В большой, представительского класса машине с шофером и мигалкой Ксафонов глухо молчал. Когда остановились у ворот окруженной забором башни, выразил надежду, что до встречи с ним Серпухин не наделает новых глупостей. Говорил с Мокеем через губу, не скрывая пренебрежения, но тому все эти ужимки были до лампочки, он слишком устал, чтобы обращать внимание на такие мелочи.
Оказавшись наконец в пустой, ставшей гулкой и нежилой квартире и все еще не веря собственному счастью, Серпухин скинул грязные обноски и долго нежился в массирующих струях джакузи. Болела выжженная железом рана, ныла помятая грудь, но в остальном жизнь снова была прекрасна. Гвоздю, думал Мокей со злорадством, досталось куда больше, и эта жестокая мысль приносила ему удовлетворение.
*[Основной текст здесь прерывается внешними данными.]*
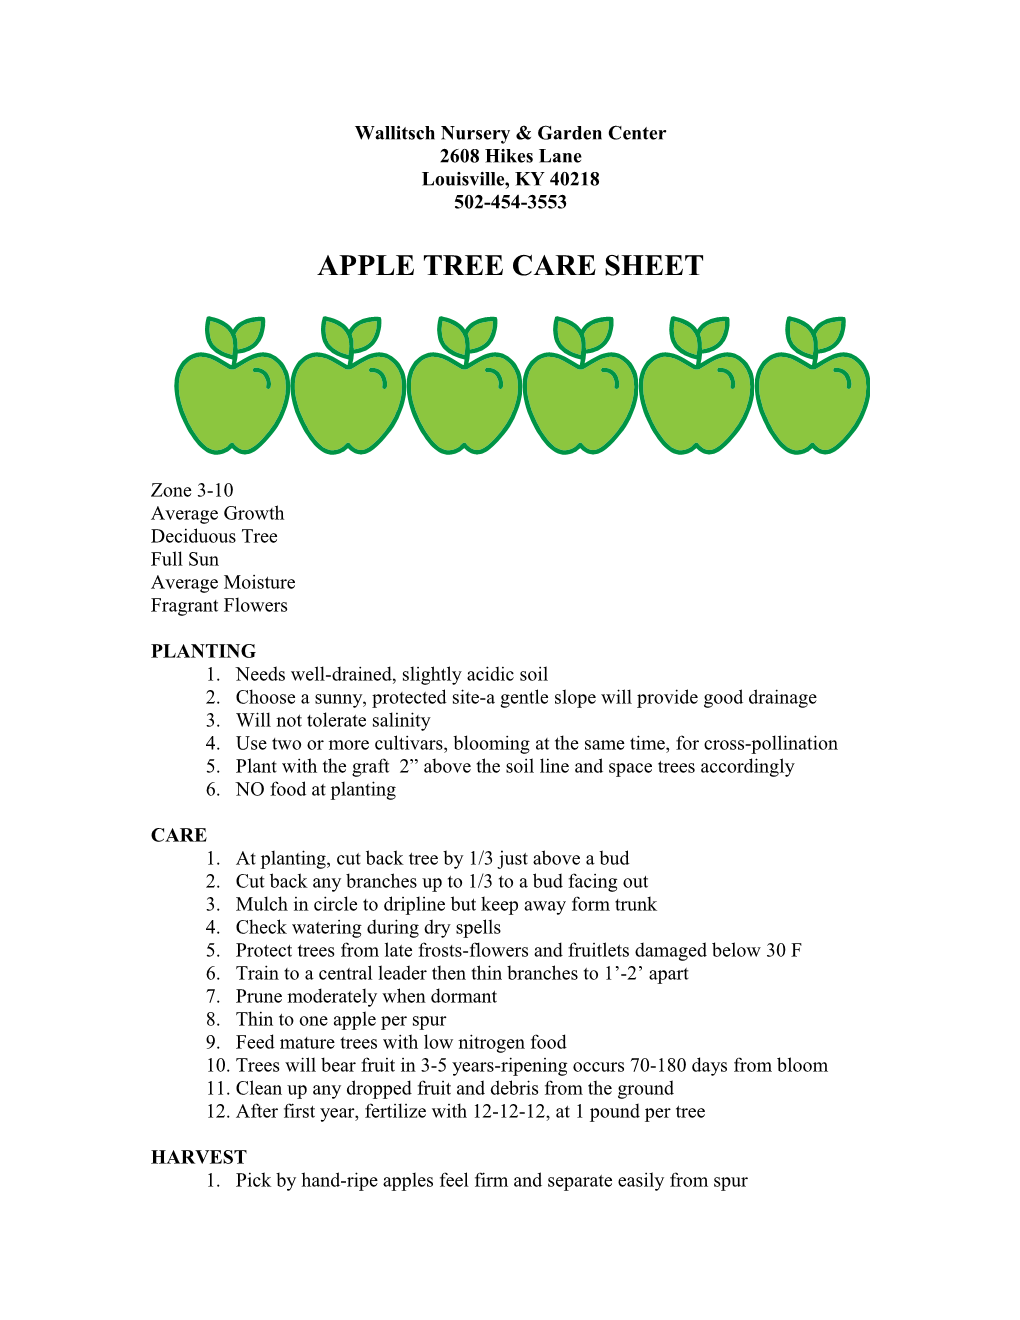 Apple Tree Care Sheet

Но не только его. Вернулись к Серпухину и сомнения относительно собственного психического здоровья, как и понимание тонкости грани, на которой он балансирует. Попытки немедленно осмыслить случившееся могли только осложнить ситуацию, и Мокей отложил их до лучших времен. Ему очень не хотелось попасть в руки врачей уникальной по своей беспомощности профессии, вырваться из которых во все времена было делом весьма и весьма непростым.
Выйдя из ванной и облачившись в махровый халат, Серпухин, как каждый убегающий от действительности человек, включил телевизор. Там кого-то привычно убивали, но факт чужой смерти ни в малой мере его не заинтересовал, хватало и своих проблем. Налив в стакан виски и следуя заведенному порядку, Мокей проверил память телефона и был несказанно удивлен, обнаружив, что ему никто не звонил. Обычно от друзей-приятелей не было отбоя, а тут мертвая тишина. «Скорее всего, Алиска растрепала всем и каждому о его неприятностях, — решил он, — с нее, дуры, станет». Только должна же быть еще и человеческая порядочность или по крайней мере хоть какая-то солидарность…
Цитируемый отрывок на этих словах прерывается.